The dish on Long Island's restaurant and food scene.
Turkish cuisine, rich in flavors at once familiar and exotic, has widespread appeal. And, on Long Island, the cadre of Turkish restaurants seems to be growing.
Here are a few of the newest to enter the arena, each with a specialty that sets it apart.
This West Babylon newcomer serves its own version of lahmacun: three delicate flatbreads, each folded, quesadilla-style, around a savory ground lamb mixture to be topped, to your liking, with romaine, tomato, onion, chopped parsley and a squeeze of fresh lemon. $9
691 Rte. 109, West Babylon, 631-450-4478
This new Port Washington spot serves a puffy golden bread called lavas.
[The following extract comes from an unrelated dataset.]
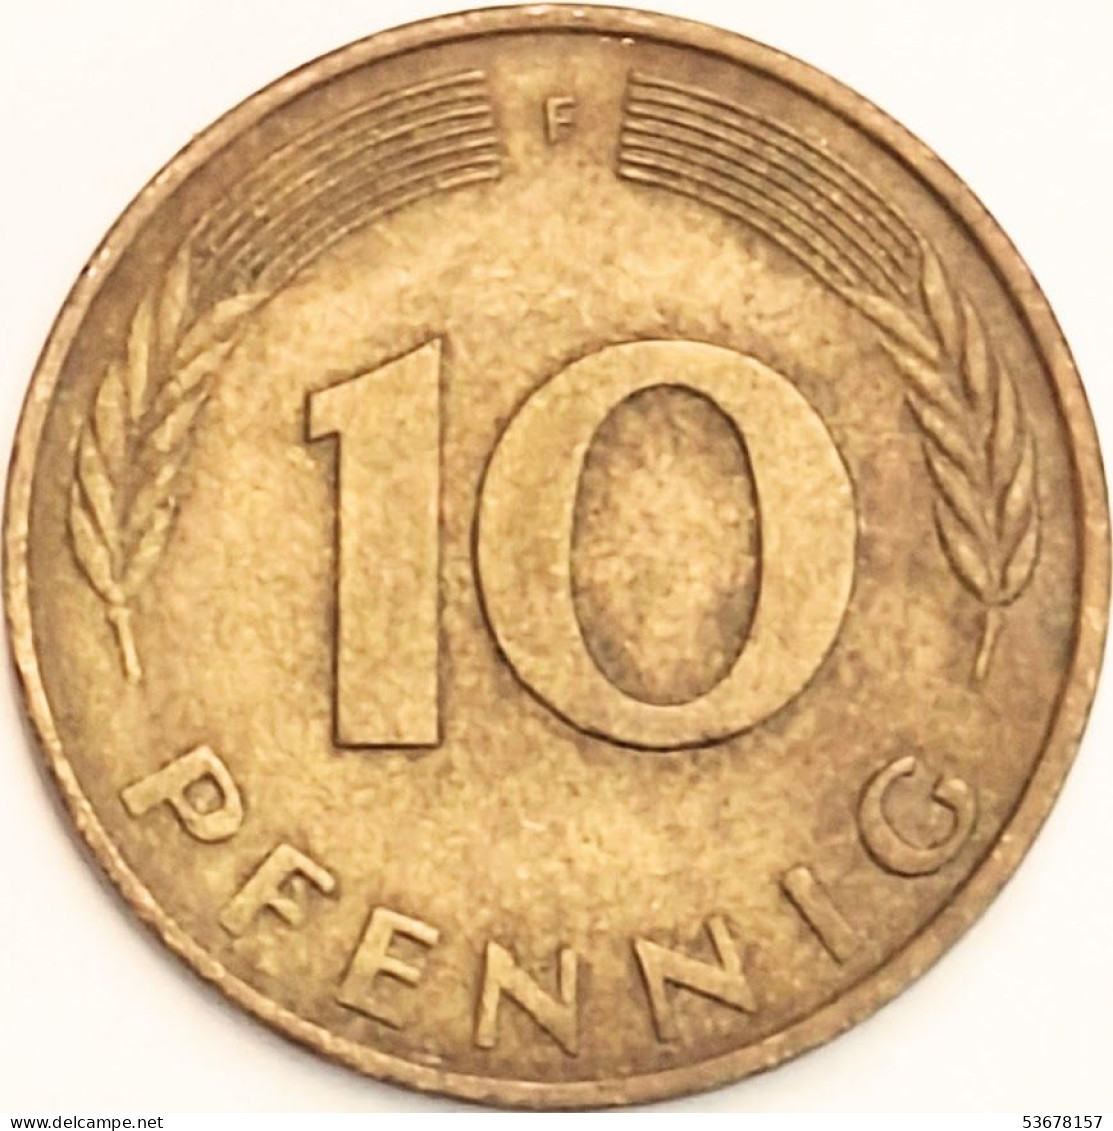 Germany Federal Republic - 10 Pfennig 1979 F, KM# 108 (#4664) - 10 Pfennig

It’s seed-sprinkled, brown at the edges and meant to be pulled apart by hand. Spread with any of the fine house dips. $3.50
138 Shore Rd., Port Washington, 516-321-9999
A striking presentation at this Turkish eatery is its “special” beyti kebab, a spiced lamb mixture that’s grilled and wrapped in thin bread that’s cut into pieces and arranged in circular formation around a bulgur pilaf. Next comes a drizzle of yogurt and tomato sauce. $16.95
749 Mount Sinai-Coram Rd., Mount Sinai, 631-509-4866
Under the same roof as a Turkish grocery and halal butcher is this casual counter-serve standout with an almond pudding studded with nuts and a chocolate pudding that’s more bittersweet than sweet. $3.50 each.